Khan Hammal, Ahmed Sohail, Nawaz Sadia, Ahmad Wasim, Rafiq Muhammad Arshad
Department of Biosciences, COMSATS University, Islamabad, Pakistan.
Institute of Biochemistry, University of Balochistan, Quetta, Pakistan.
Klin Padiatr. 2021 Mar;233(2):53-58. doi: 10.1055/a-1223-2489. Epub 2020 Dec 18.
GLI3 is a transcriptional regulator of several genes involved in mammalian skeletal development. Mutations in the pleiotropic gene GLI3 may result in different inherited disorders including Greig cephalopolysyndactyly syndrome (GCPS). GCPS is characterized by mild to severe craniofacial and limb malformations.

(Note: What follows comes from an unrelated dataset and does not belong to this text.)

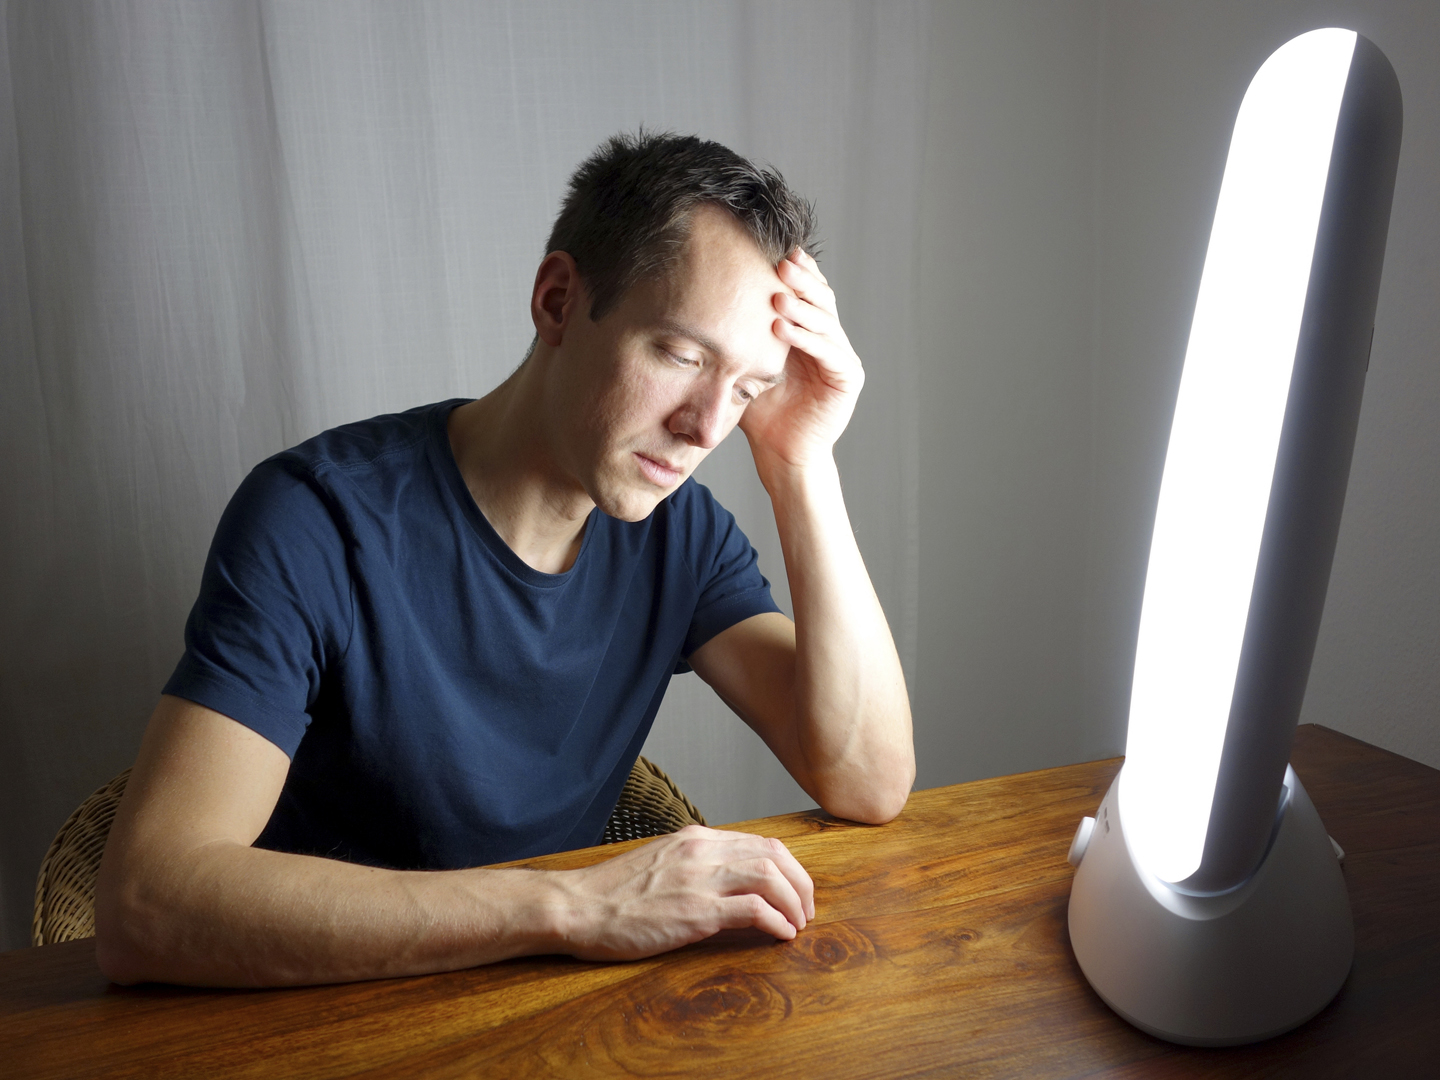 Light therapy is a common treatment for a variety of conditions, from auto-immune disorders like psoriasis and eczema, to wound healing, to depression and seasonal affective disorder, to circadian rhythm sleep disorders

Here, we report clinical and molecular study of 3 families with GCPS originated in different regions of Pakistan. Sanger sequencing revealed two novel variants including a frameshift [c. 3790_3791InsC, p.(Gly1236Argfs11)] and a missense [c.1692A>G, p.(His536Arg)], and one previously reported variant [c.1965_1966delAT, p.(His627Glufs48)] located in 2 different domains of the GLI3.
This study not only expanded spectrum of the mutations in the but also highlighted phenotypic variability in the GCPS patients. This will facilitate diagnosis and genetic counseling of families with same and related disorders in the Pakistani population.
GLI3是参与哺乳动物骨骼发育的多个基因的转录调节因子。多效性基因GLI3的突变可能导致不同的遗传性疾病,包括Greig头多指综合征(GCPS)。GCPS的特征是轻至重度的颅面和肢体畸形。
在此,我们报告了对源自巴基斯坦不同地区的3个GCPS家系的临床和分子研究。桑格测序揭示了两个新变体,包括一个移码突变[c. 3790_3791InsC,p.(Gly1236Argfs11)]和一个错义突变[c.1692A>G,p.(His536Arg)],以及一个先前报道的位于GLI3的2个不同结构域的变体[c.1965_1966delAT,p.(His627Glufs48)]。
本研究不仅扩展了GLI3突变谱,还突出了GCPS患者的表型变异性。这将有助于巴基斯坦人群中患有相同及相关疾病家庭的诊断和遗传咨询。